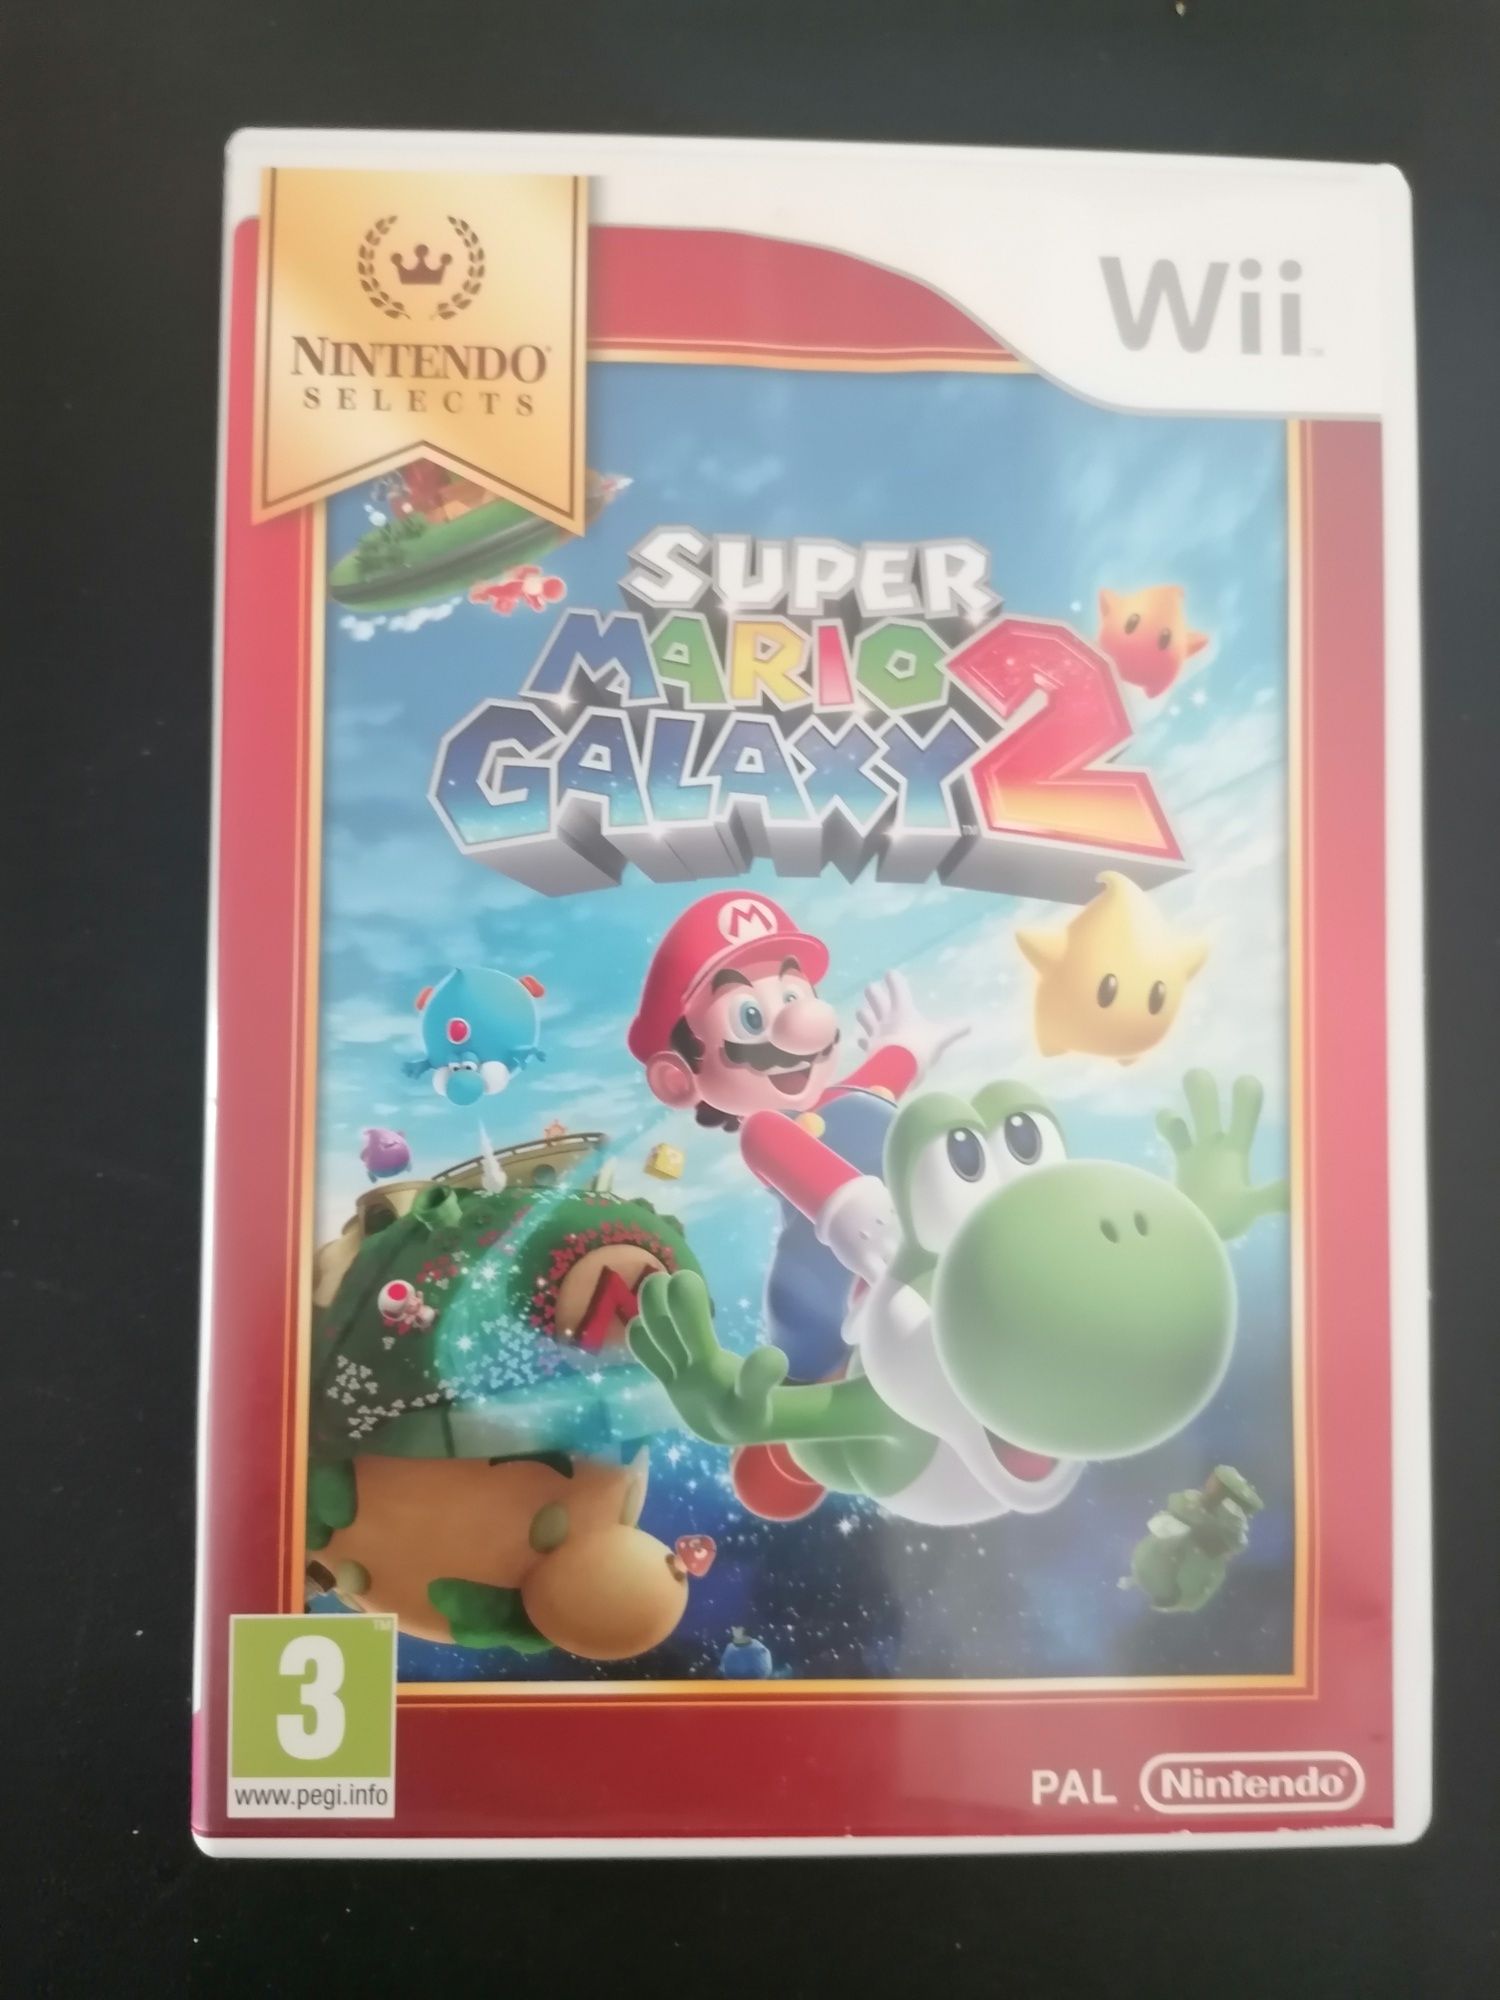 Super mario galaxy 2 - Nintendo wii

---

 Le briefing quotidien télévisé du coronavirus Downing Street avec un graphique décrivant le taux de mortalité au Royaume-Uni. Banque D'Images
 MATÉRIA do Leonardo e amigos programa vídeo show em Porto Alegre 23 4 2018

--

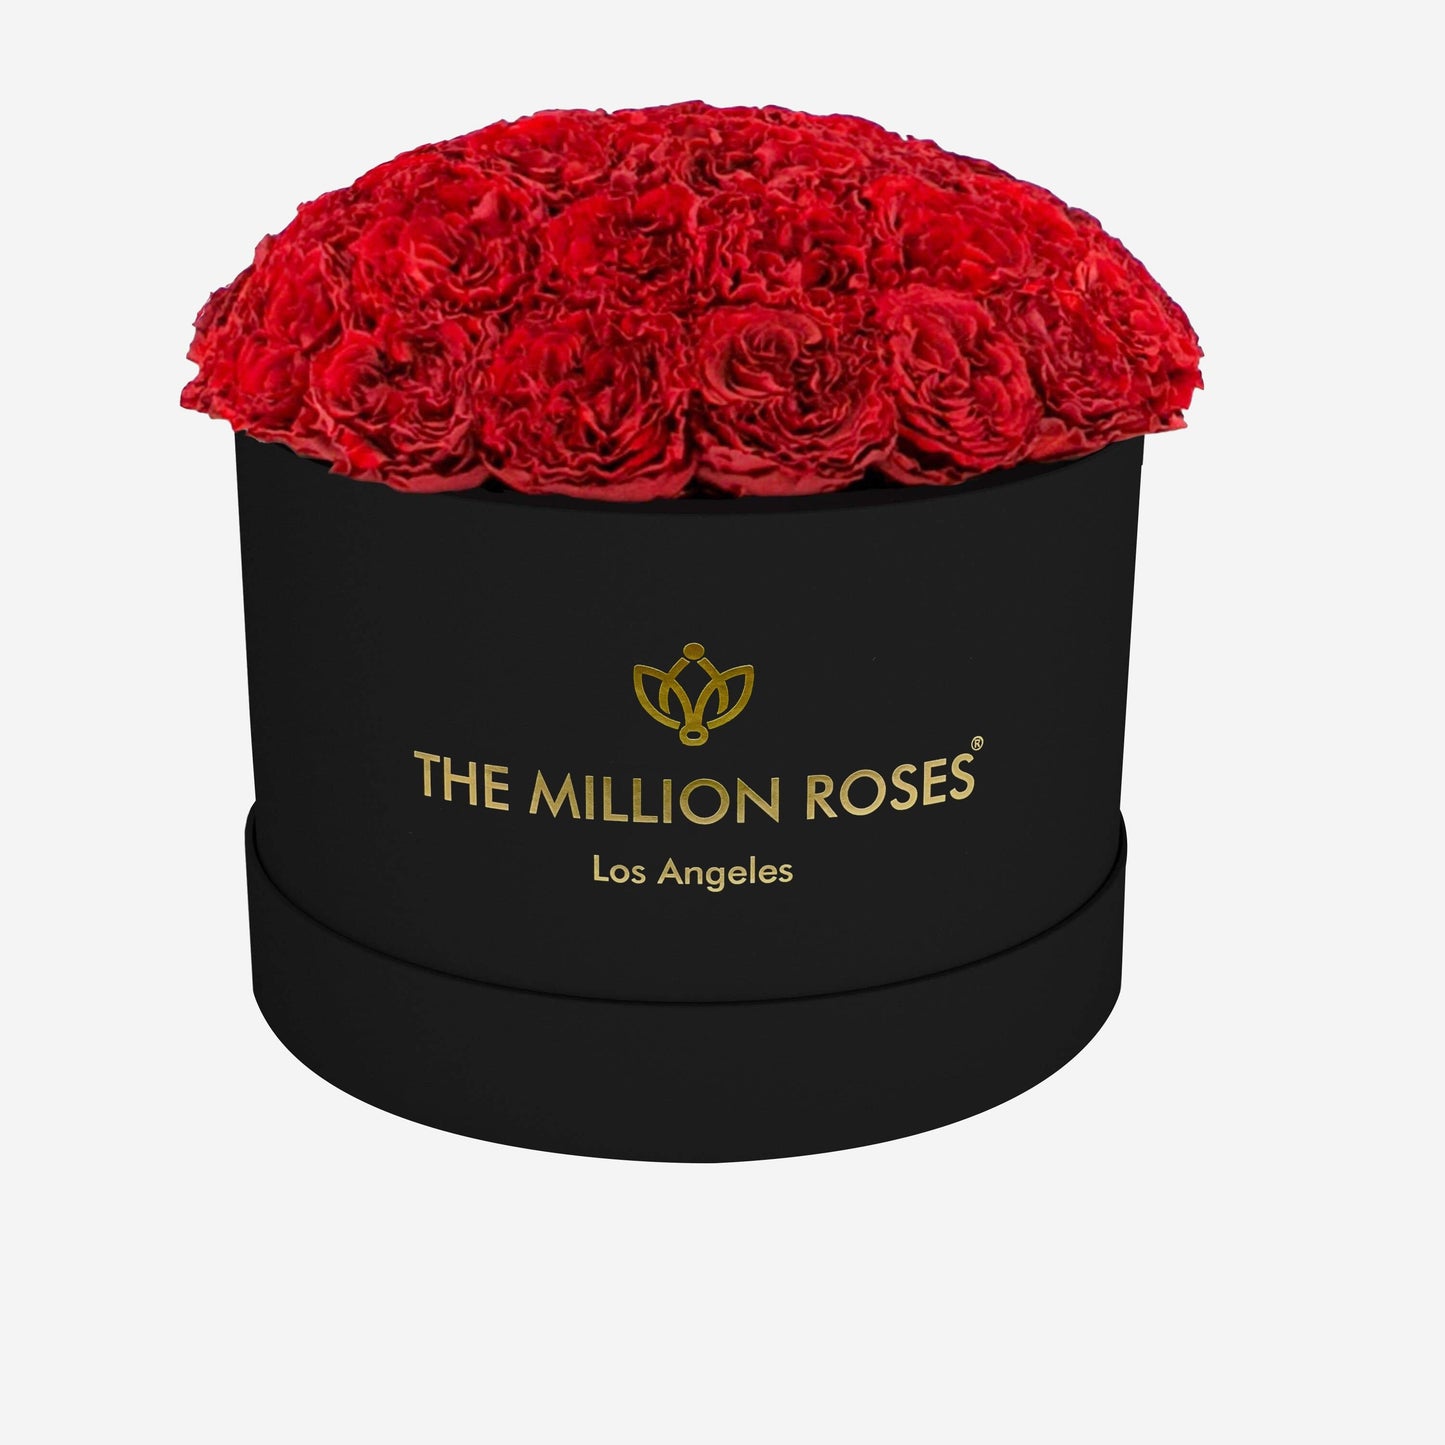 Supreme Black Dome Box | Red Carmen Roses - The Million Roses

TRY IT → The exact lines of the material above starting at the one that contains "Le briefing quotidien" and ending at the one that contains "MATÉRIA do Leonardo" are what to retype; leave out everything else.

EXPECTED OUTPUT →
 Le briefing quotidien télévisé du coronavirus Downing Street avec un graphique décrivant le taux de mortalité au Royaume-Uni. Banque D'Images
 MATÉRIA do Leonardo e amigos programa vídeo show em Porto Alegre 23 4 2018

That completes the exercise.